Kiev/Dnipró.– La guerra de drones no da tregua. En la noche del miércoles, Rusia lanzó un total de 155 drones de largo alcance contra territorio ucraniano, en un bombardeo masivo que tuvo como epicentro trágico la ciudad de Dnipró, en el centro-este del país. Las defensas aéreas ucranianas lograron neutralizar 139 de los aparatos, según informó la Fuerza Aérea de Ucrania. Sin embargo, 11 drones impactaron en nueve localidades no especificadas, y uno de ellos alcanzó una zona residencial de Dnipró, causando la muerte de tres personas y dejando al menos diez heridos.
El gobernador de la región de Dnipropetrovsk, Oleksandr Ganzha, confirmó las víctimas a través de Telegram, elevando el balance inicial de dos fallecidos. Dnipró, una de las ciudades más pobladas y económicamente activas de Ucrania, vuelve a pagar un alto precio por la guerra. Los servicios de emergencia continúan trabajando en la remoción de escombros y la atención a los heridos.
Kiev responde: ataques contra refinerías en Samara y Nizhni Nóvgorod
Mientras las ambulancias recorrían las calles de Dnipró, Ucrania no se quedaba de brazos cruzados. El jefe del Centro contra la Desinformación ucraniano, Andrí Kovalenko, informó que las fuerzas de Kiev atacaron una refinería en la región rusa de Samara y otra infraestructura petrolera en la región de Nizhni Nóvgorod. Los detalles sobre los daños no fueron especificados, pero la acción confirma la estrategia ucraniana de golpear la retaguardia energética rusa.

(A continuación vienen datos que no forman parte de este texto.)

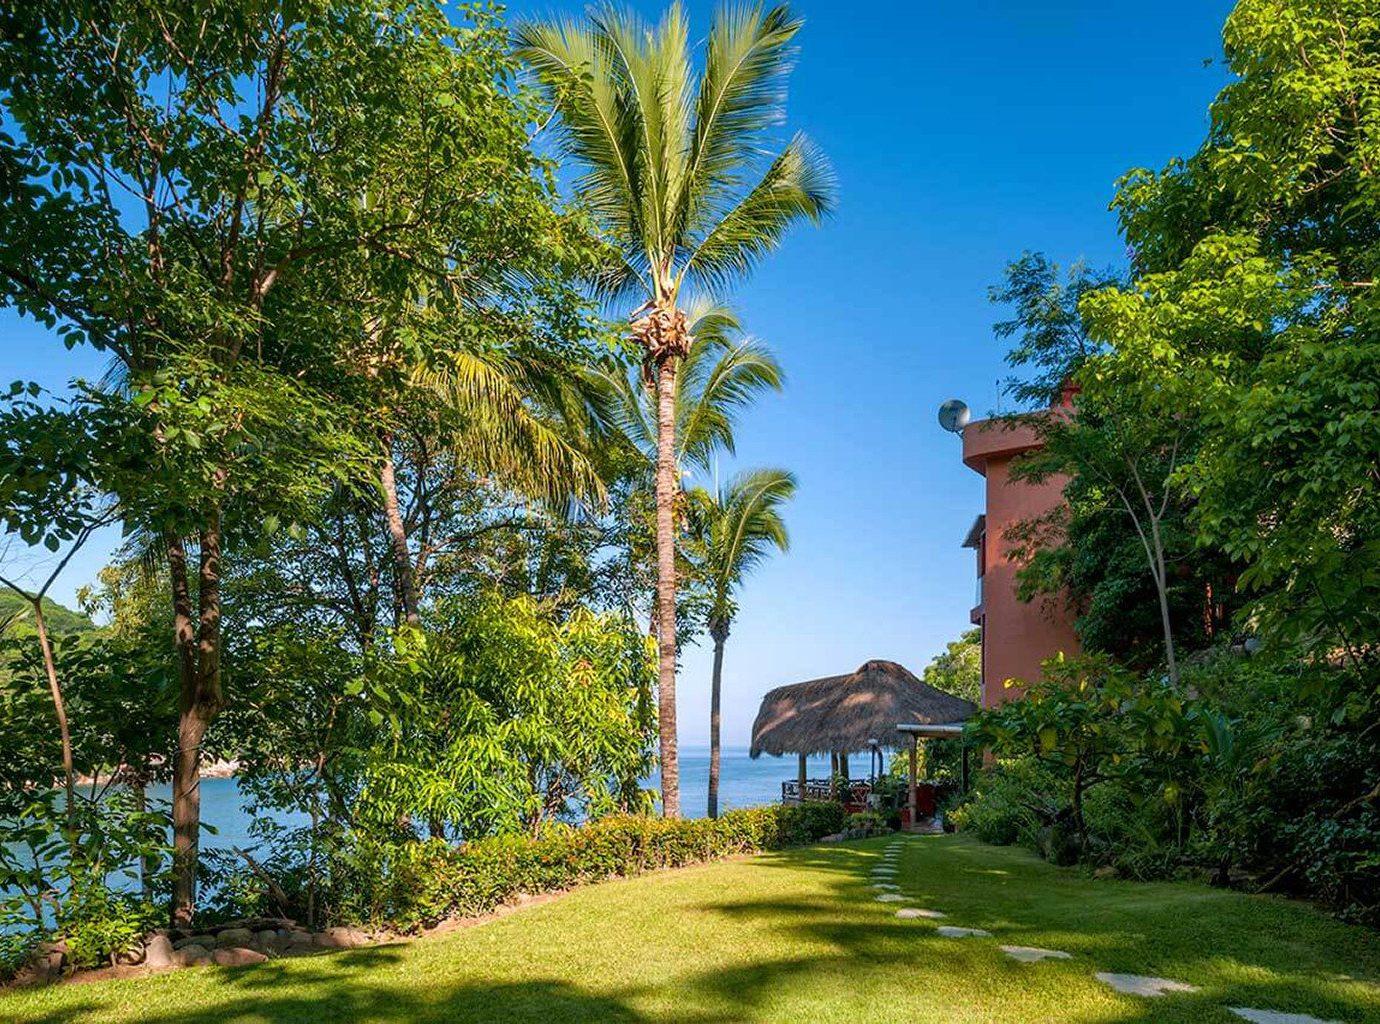 tree grass plant arecales woody plant Garden Jungle tropics biome plantation Resort mansion botanical garden lush
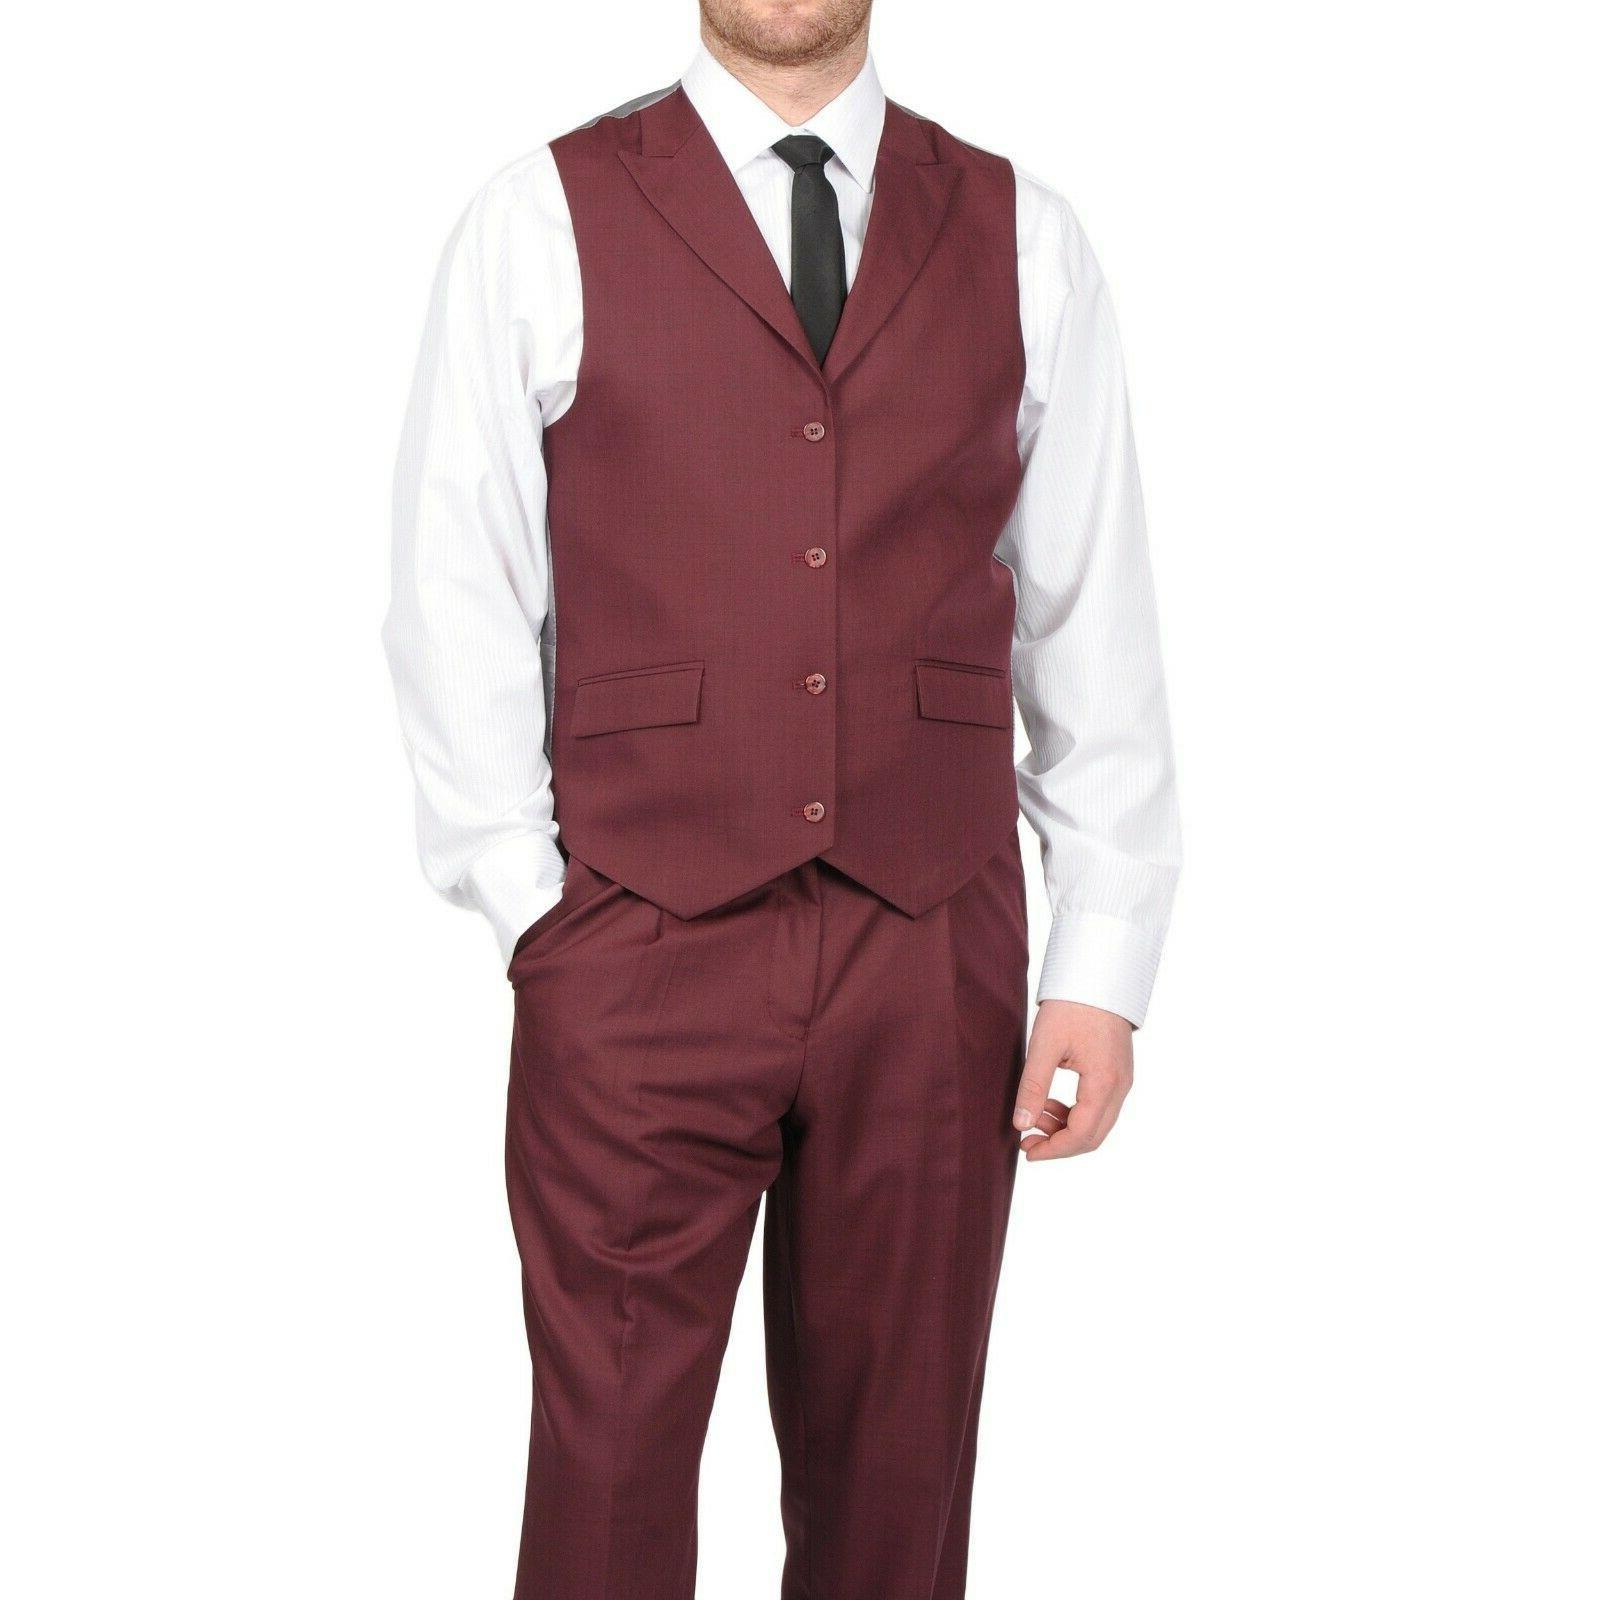 Brand Burgundy Suit 38R, 29R

Rusia y Ucrania mantienen una guerra de desgaste nocturna, atacando infraestructuras militares y estratégicas en las retaguardias enemigas. Los drones se han convertido en el arma preferida para evitar bajas propias y sembrar el terror en las ciudades. Dnipró, con su densa población, es un blanco recurrente. La noche del miércoles, tres familias perdieron a sus seres queridos. La guerra, lejos de terminar, se vuelve más cruel con cada amanecer. Y los drones, esos zumbidos fatales, siguen surcando los cielos.